Returns the F1 score for a DDR measurement in predicting a binary reference (i.e. a manually annotated variable).
Usage
get_F1(
df,
dictionary,
model,
reference,
text_field = "text",
replace_na = c("mean-sd", "min", 0, F)
)
Arguments
- df
A data.frame containing one annotated document or sentence per row.
- dictionary
A character vector containing the keywords of a dictionary, passed to
cossim2dict
.- model
A fasttext model as loaded by
load_model
.- reference
Name of the binary reference column in df.
- text_field
Name of column in
df
that contains the text of the documents. Default is "text".- replace_na
Specifies the value used to replace NAs in the DDR measurement. Default is 'mean-sd'. Can take values:
'mean-sd'
(charcter): replace NAs by mean - 1sd. Default.'min'
(charcter): replace NAs by minimum.0
(numerical): replace NAs by 0.FALSE
(logical): do not replace NAs.
Details
The gradual DDR measurement is passed to get_prediction()
to obtain a binary
prediction through logistic regression.
The F1 scores indicate the performance of these words/dictionaries in predicting a binary
coding, when used in the DDR method.
The F1 score is the harmonic mean between Recall and Precision (1).
References
(1) Chinchor, N. (1992). MUC-4 evaluation metrics.
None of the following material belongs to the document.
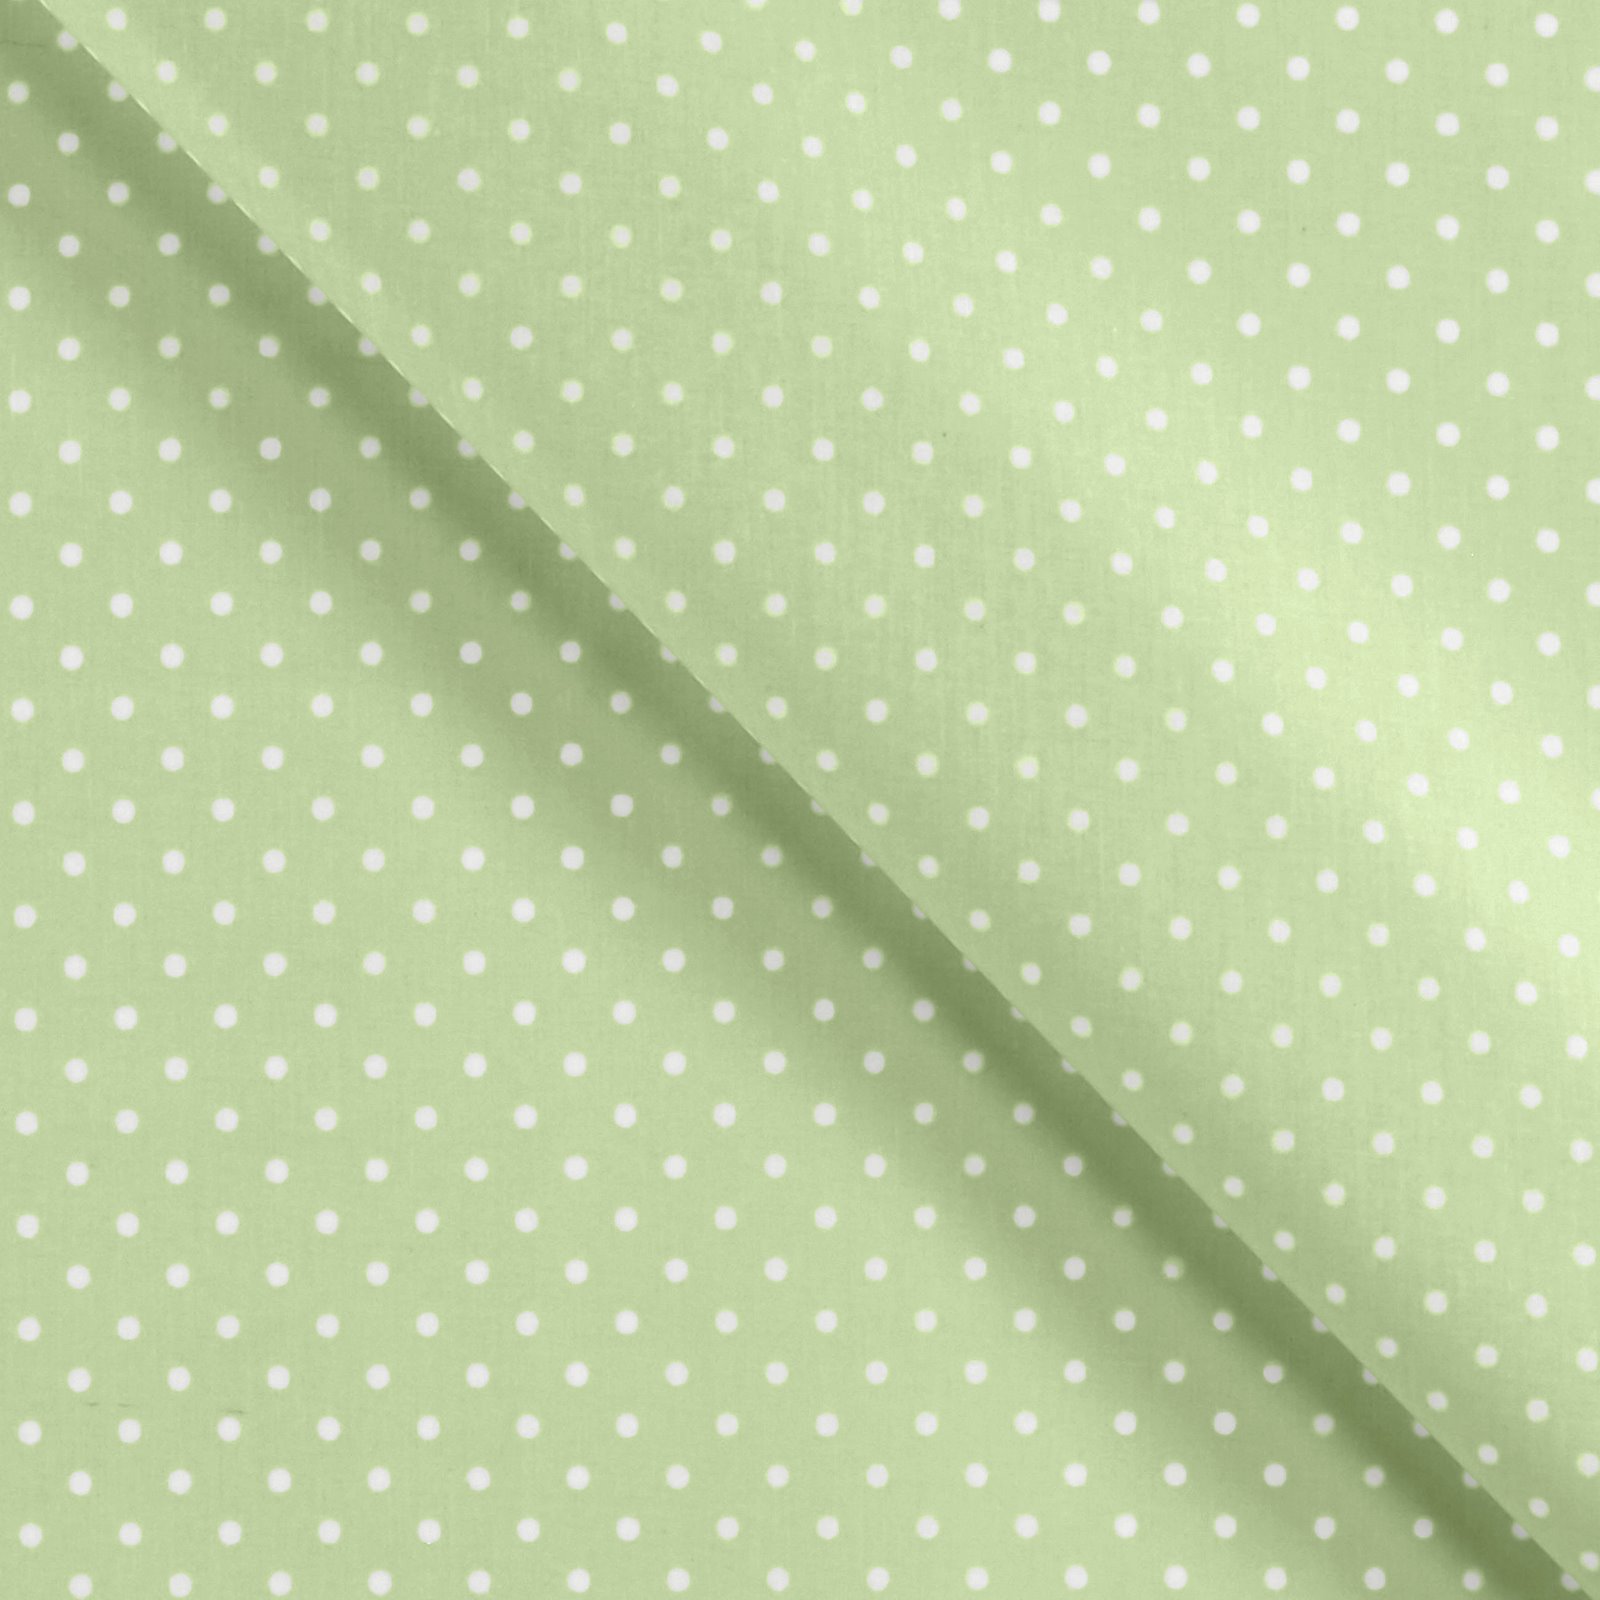 Tekstilvoksduk lys grønn m hvite prikker 861508_pack

Proceedings of the 4th Conference on Message Understanding, 22–29. https://doi.org/10.3115/1072064.1072067
Examples
model <- fastrtext::load_model(system.file("extdata",
"tw_demo_model_sml.bin",
package = "dictvectoR"))
tw_annot %<>% clean_text(text_field = "full_text")
dict <- c("skandal", "deutschland", "steuerzahler")
get_F1(tw_annot, dict, model, 'pop')
#> [1] 0.2897527